What you will do — Repeat everything from the first line of the listing below through the line that contains "In Prisoner of", exactly. Leave out pictures.

Supplied information —

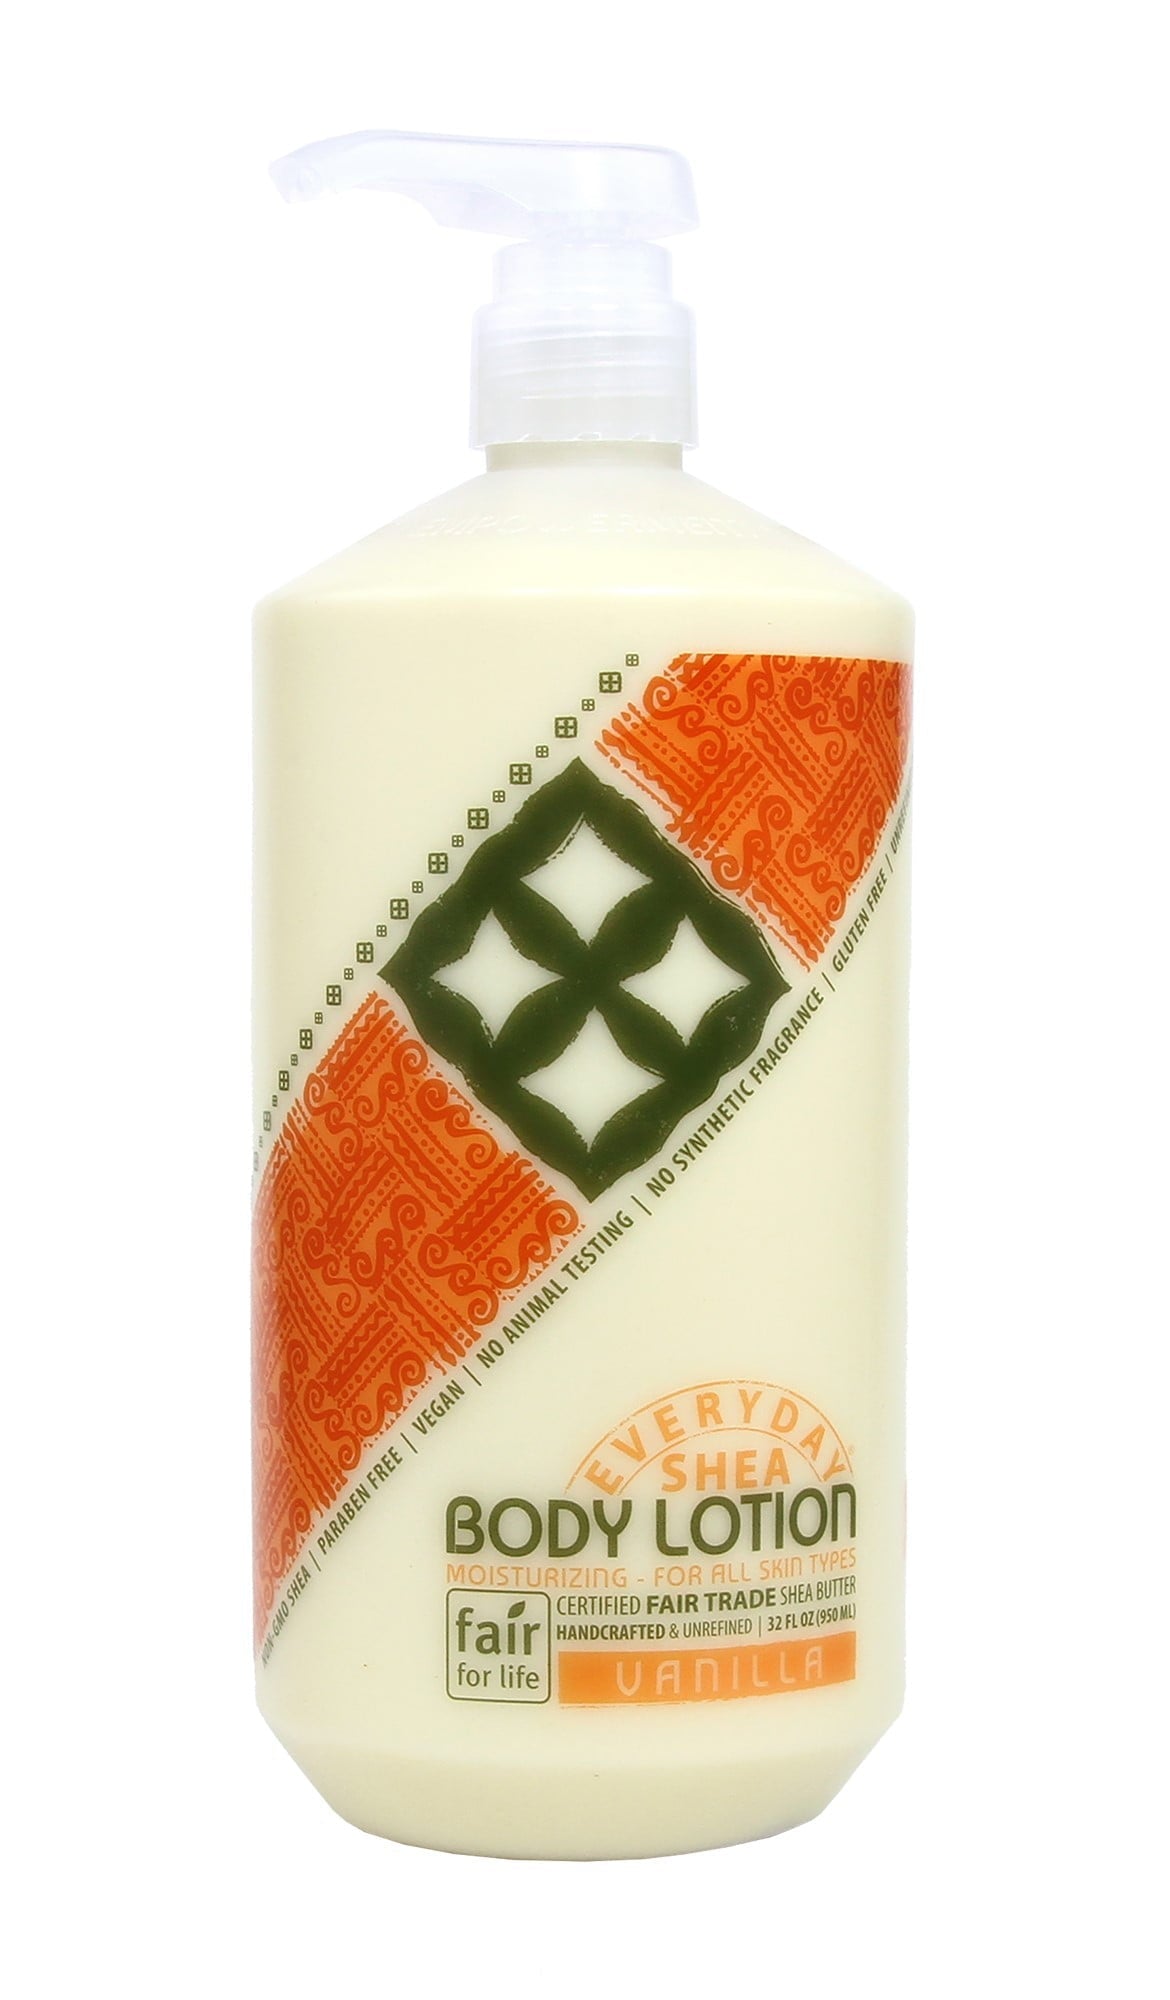 Alaffia Deep Moisture Body Lotion with Shea Butter & Lemongrass Normal to Very Dry Skin Vanilla Scent 32 oz Bottle
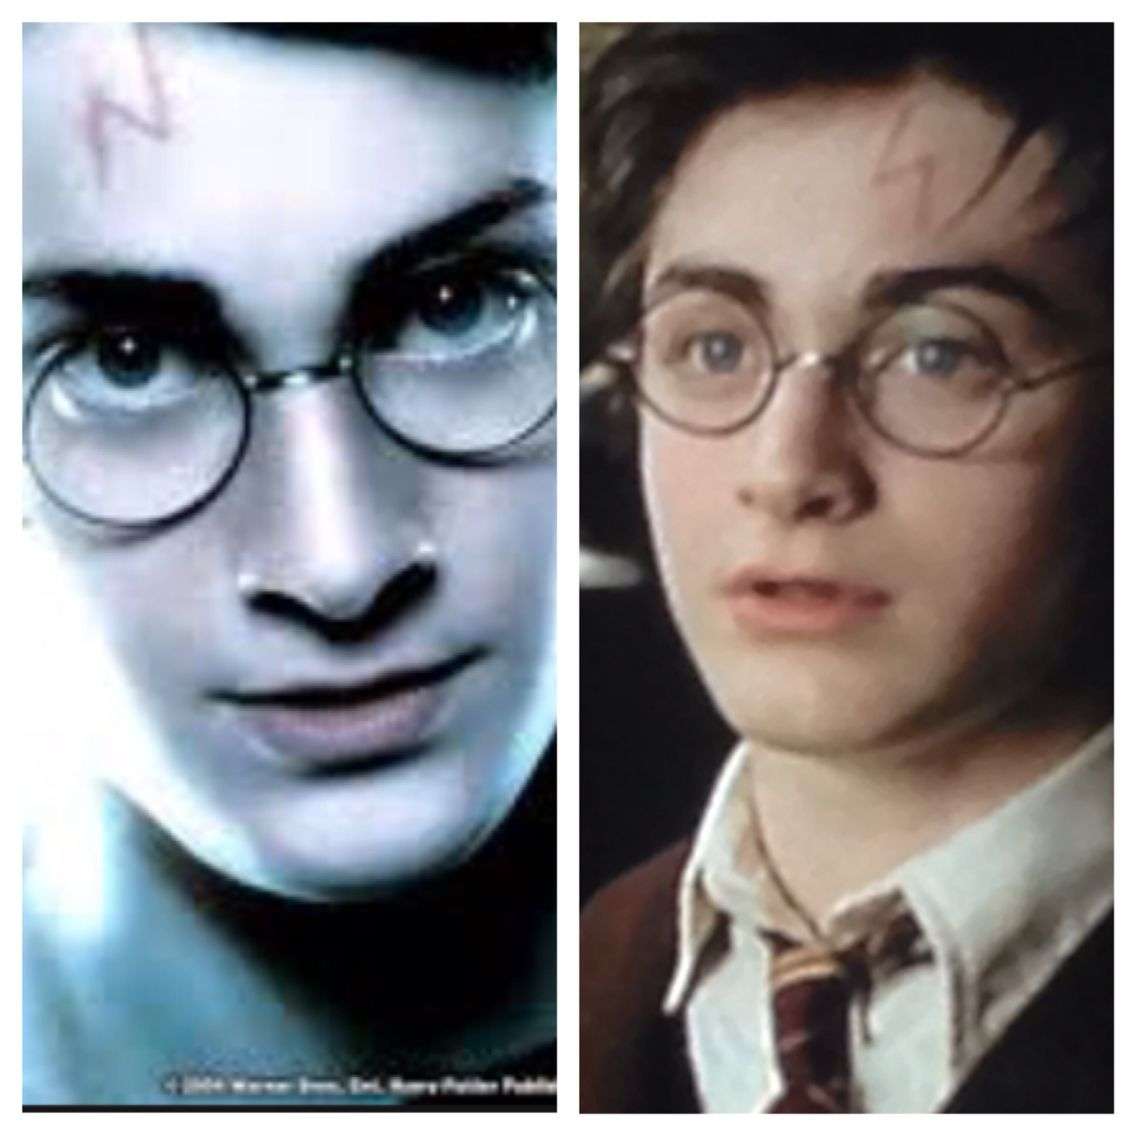 In Prisoner of Azkaban the scar is on the wrong side in ...
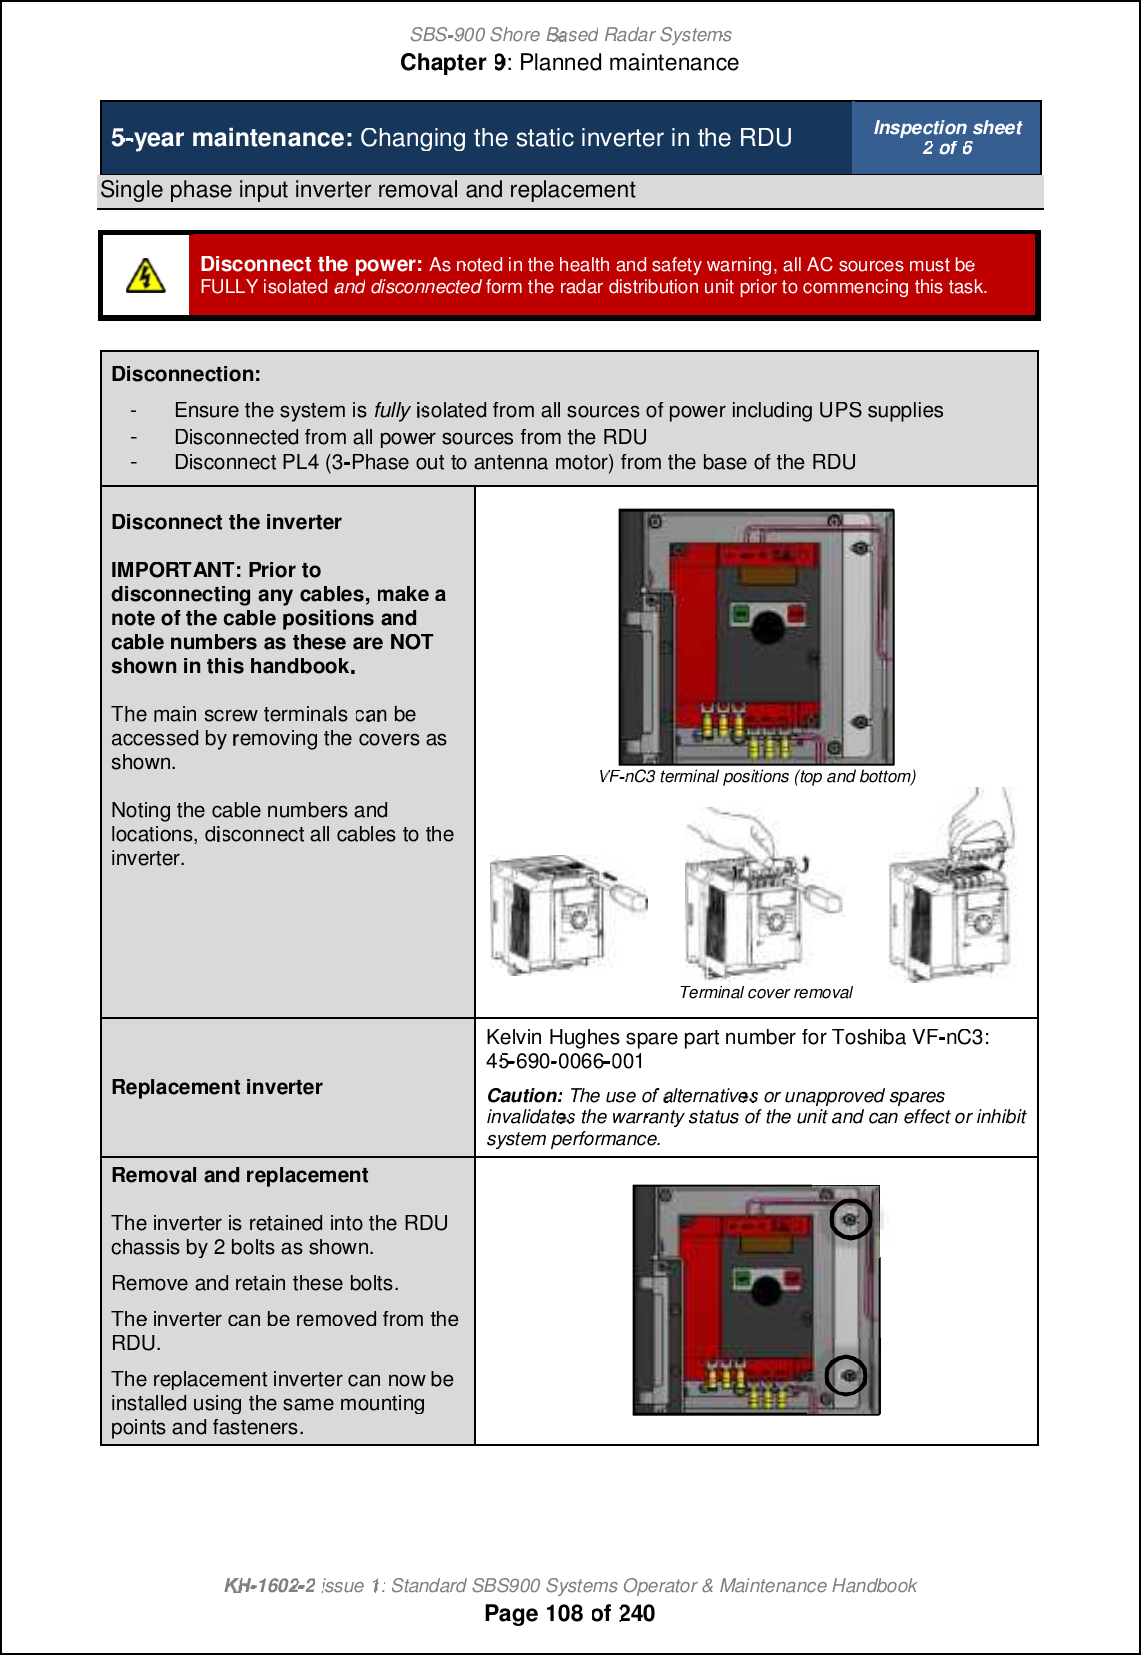 SBS-900 ShoreBaBasedRadar SystemsChapter9:Planned maintenanceKHKH-1602 2issue 1:Standard SBS900 Systems Operator &amp; Maintenance HandbookPage108of2405-year maintenance:Changing the static inverter in the RDUInspection sheet2of6Single phase input inverter removal and replacementDisconnect the power:As noted in the health and safety warning, all AC sources must beFULLY isolatedanddisconnectedform the radar distribution unit prior to commencing this task.Disconnection:-Ensure the system isfullyisolated from all sources of power including UPS supplies-Disconnected from all power sources from the RDU-Disconnect PL4 (3-Phase outto antenna motor) from the base of the RDUDisconnect the inverterIMPORTANT:Prior todisconnectingany cables,make anote of thecablepositionsandcable numbers as these are NOTshown in this handbookThemainscrew terminalscan beaccessed byremoving the covers asshown.Noting the cable numbers andlocations, disconnect all cables to theinverter.VFVF-nC3 terminal positions (top and bottom)Terminal cover removalReplacement inverterKelvin Hughes spare part numberfor Toshiba VF-nC3:4545-690-0066001Caution:The use ofalternativesor unapproved sparesinvalidatesthe warranty status of the unit and can effect or inhibitsystem performance.Removaland replacementThe inverter is retained into the RDUchassis by 2 bolts as shown.Remove and retain these bolts.The inverter can be removed from theRDU.The replacement inverter can now beinstalled using the same mountingpoints and fasteners.

Expected output —
 Alaffia Deep Moisture Body Lotion with Shea Butter & Lemongrass Normal to Very Dry Skin Vanilla Scent 32 oz Bottle
 In Prisoner of Azkaban the scar is on the wrong side in ...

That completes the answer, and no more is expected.